▶ [Try it]
Within the records below, reproduce without change the lines from the line that has "Neue Zeiten (журнал)." through the line that has "Best 25 Diy", and only those.

___ Excerpted records

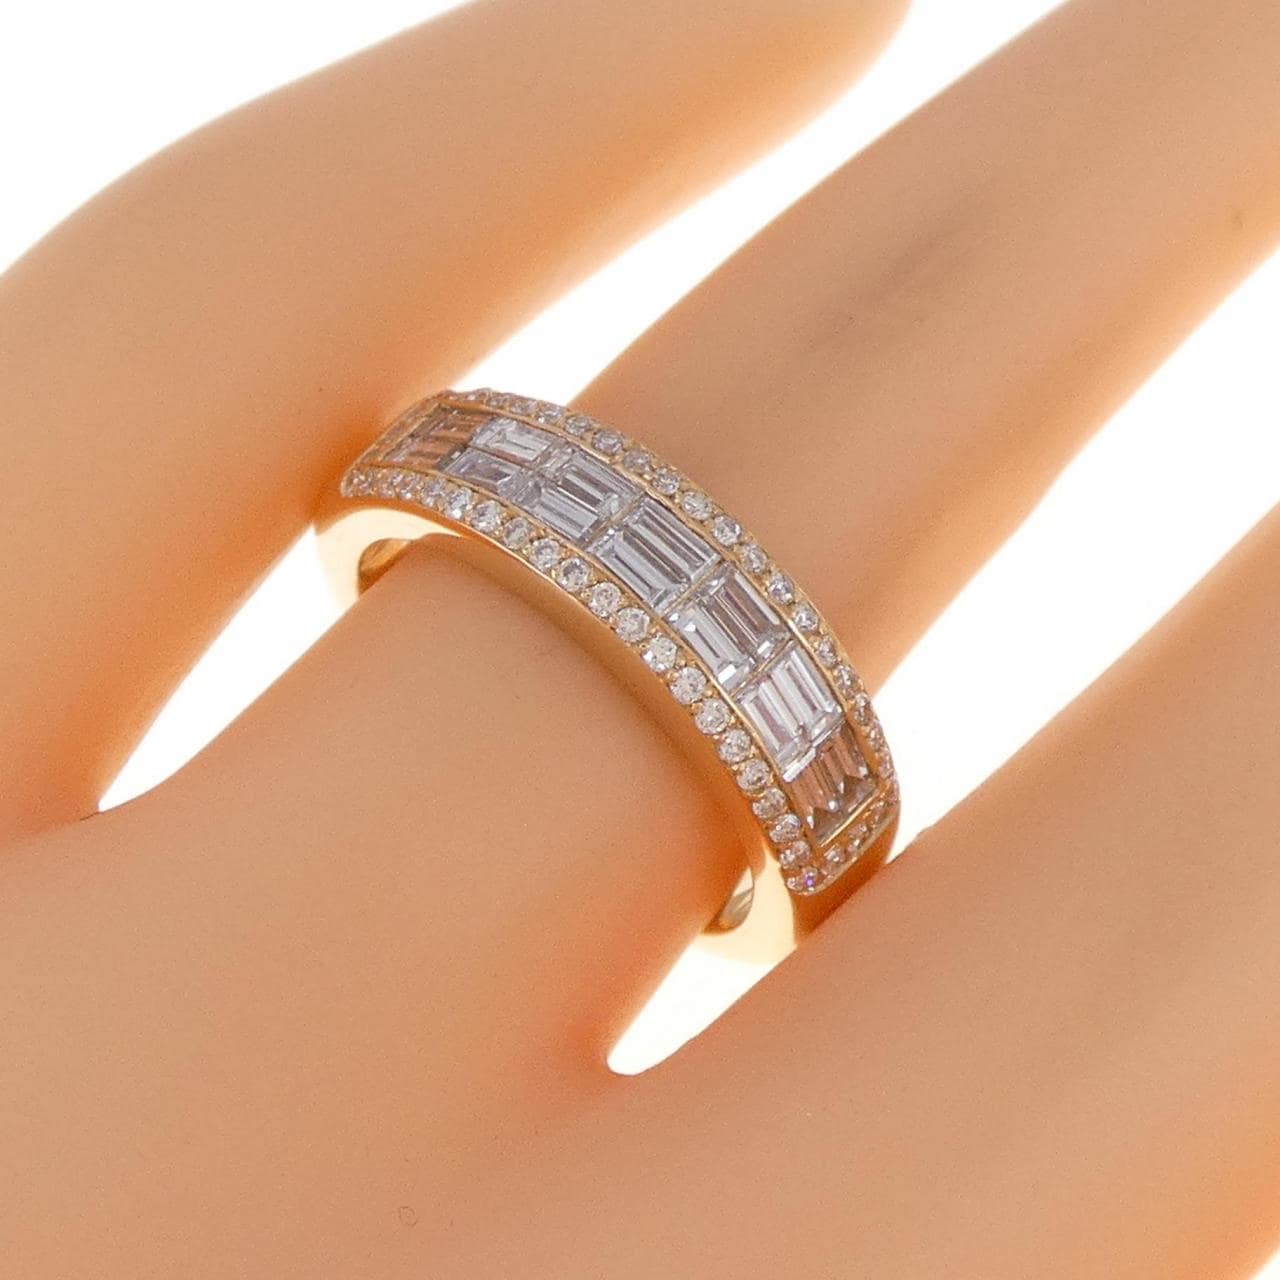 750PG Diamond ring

______
___ Excerpted records

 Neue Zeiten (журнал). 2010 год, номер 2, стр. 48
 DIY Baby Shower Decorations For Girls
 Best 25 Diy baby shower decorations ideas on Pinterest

______

▶ [Task result]
 Neue Zeiten (журнал). 2010 год, номер 2, стр. 48
 DIY Baby Shower Decorations For Girls
 Best 25 Diy baby shower decorations ideas on Pinterest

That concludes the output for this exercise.